I am a social worker, clinically trained, for 22 years and here are my thoughts. Mind you, I am not diagnosing him as I obviously have not seen him, these are just my impressions.

 

I think he may be suffering from a bipolar spectrum disorder. And I agree with Island Girl. I think he asked for the ring back because he wanted some sort of contact with you. I also think he is hurting, badly, and he wants you to hurt too. He probably thinks he is the only one hurting and that you are doing fine. He no doubt realizes that he is the "sick" one in the relationship --- that's why I think he thinks he is the only one hurting.

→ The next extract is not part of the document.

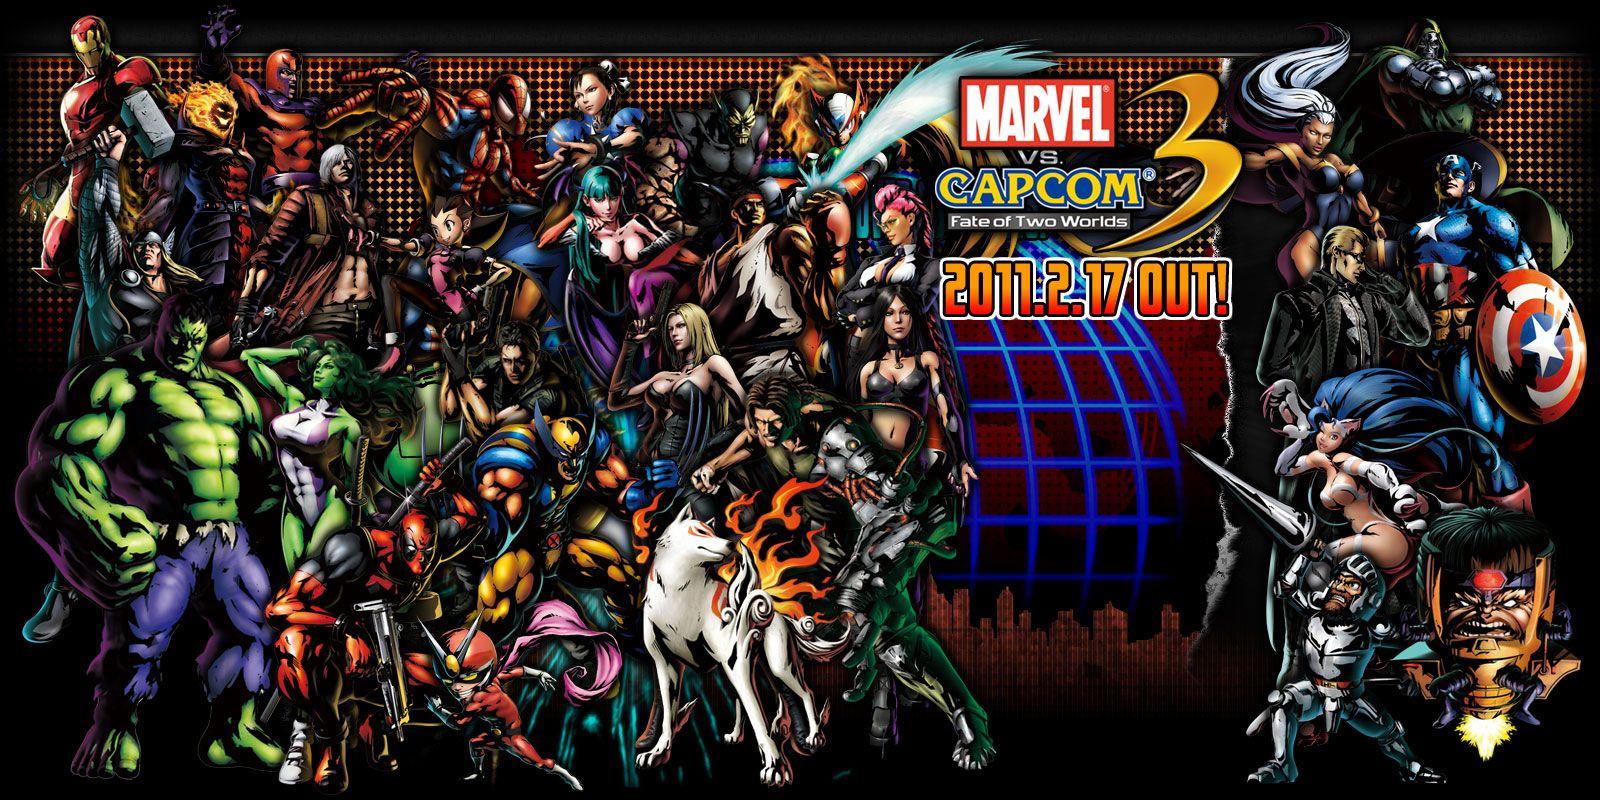 Ultimate Marvel Vs. Capcom 3 HD Wallpaper and Background Image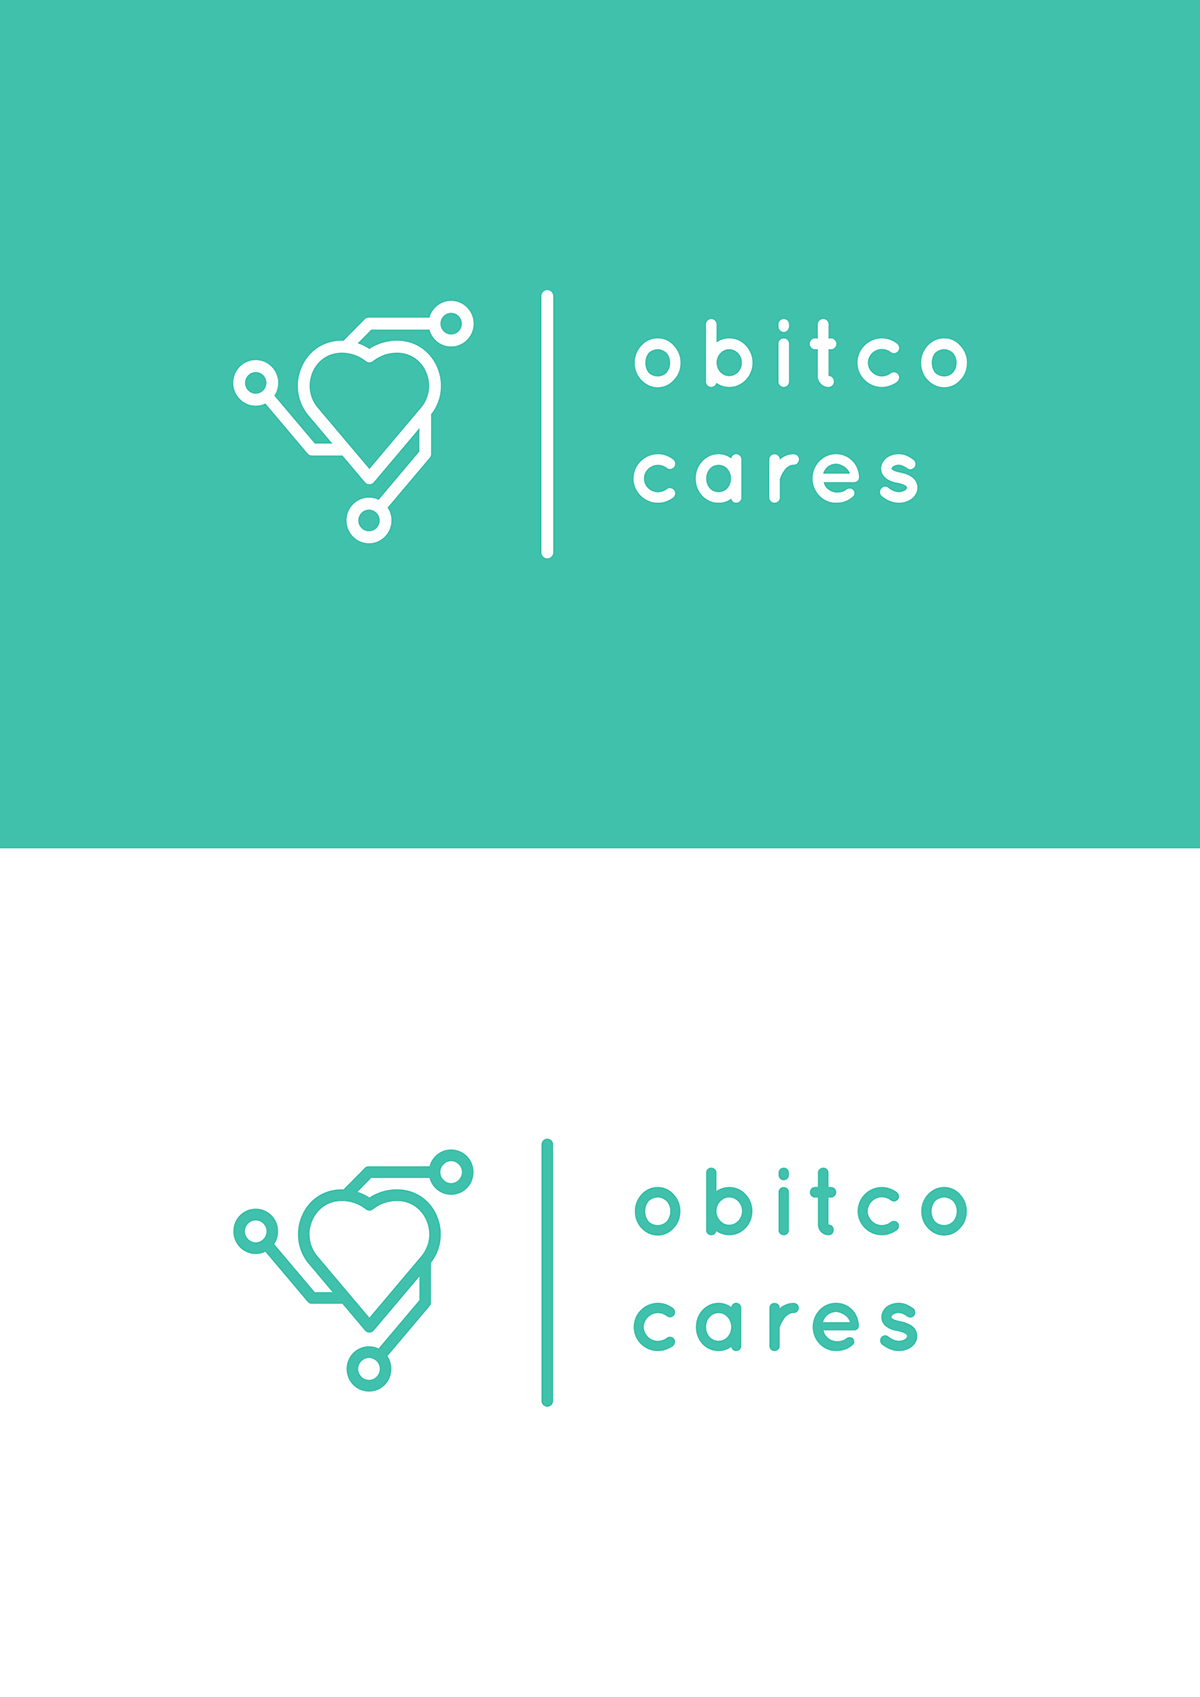 obitco cares logo identity recycle non-profit organization

And your going NC probably also causes him to think that you have moved on and are not hurting. So he asked for the ring as a way to strike out at you and hurt you.

 

You absolutely need to maintain NC. He is emotionally unstable and is likely to remain that way. You were right to bring up his drug seeking behavior in your couples therapy. He broke up with you in anger, but now he has to live with the consequences of that hasty decision ---- and I doubt he likes it very much. I think his texting of you during your therapy session several days ago was another way in which he wanted to engage you in conversation. He is trying, perhaps, to provoke you.

 

You are handling this superbly. Your email was short and to the point and unemotional. Getting emotional is only going to cause him to spiral even further out of control and you don't want that. You seem to be a very level headed person as others have pointed out --- and you deserve someone equally level headed. This man is trouble. You deserve better. Big hugs and pats on the back to you. Keep up the great work.

 

edited to add: I have no idea why he went to your parents' home other than perhaps he had been fooling himself that he wanted the ring back and when he got there he realized that he truly didn't and the pain of seeing them and not you hit him hard. And perhaps seeing them and not you reminded him that he is having to live with the consequences of his impulsive behavior. I will repeat that he is appears very emotionally unstable right now. You have, as others have pointed out, no doubt been a stabilizing influence in his life and he may be seeking you out as a way of regaining control. That is too big a burden for you to bear. He needs medication and therapy and to be able to handle his problems on his own. Take good care of yourself.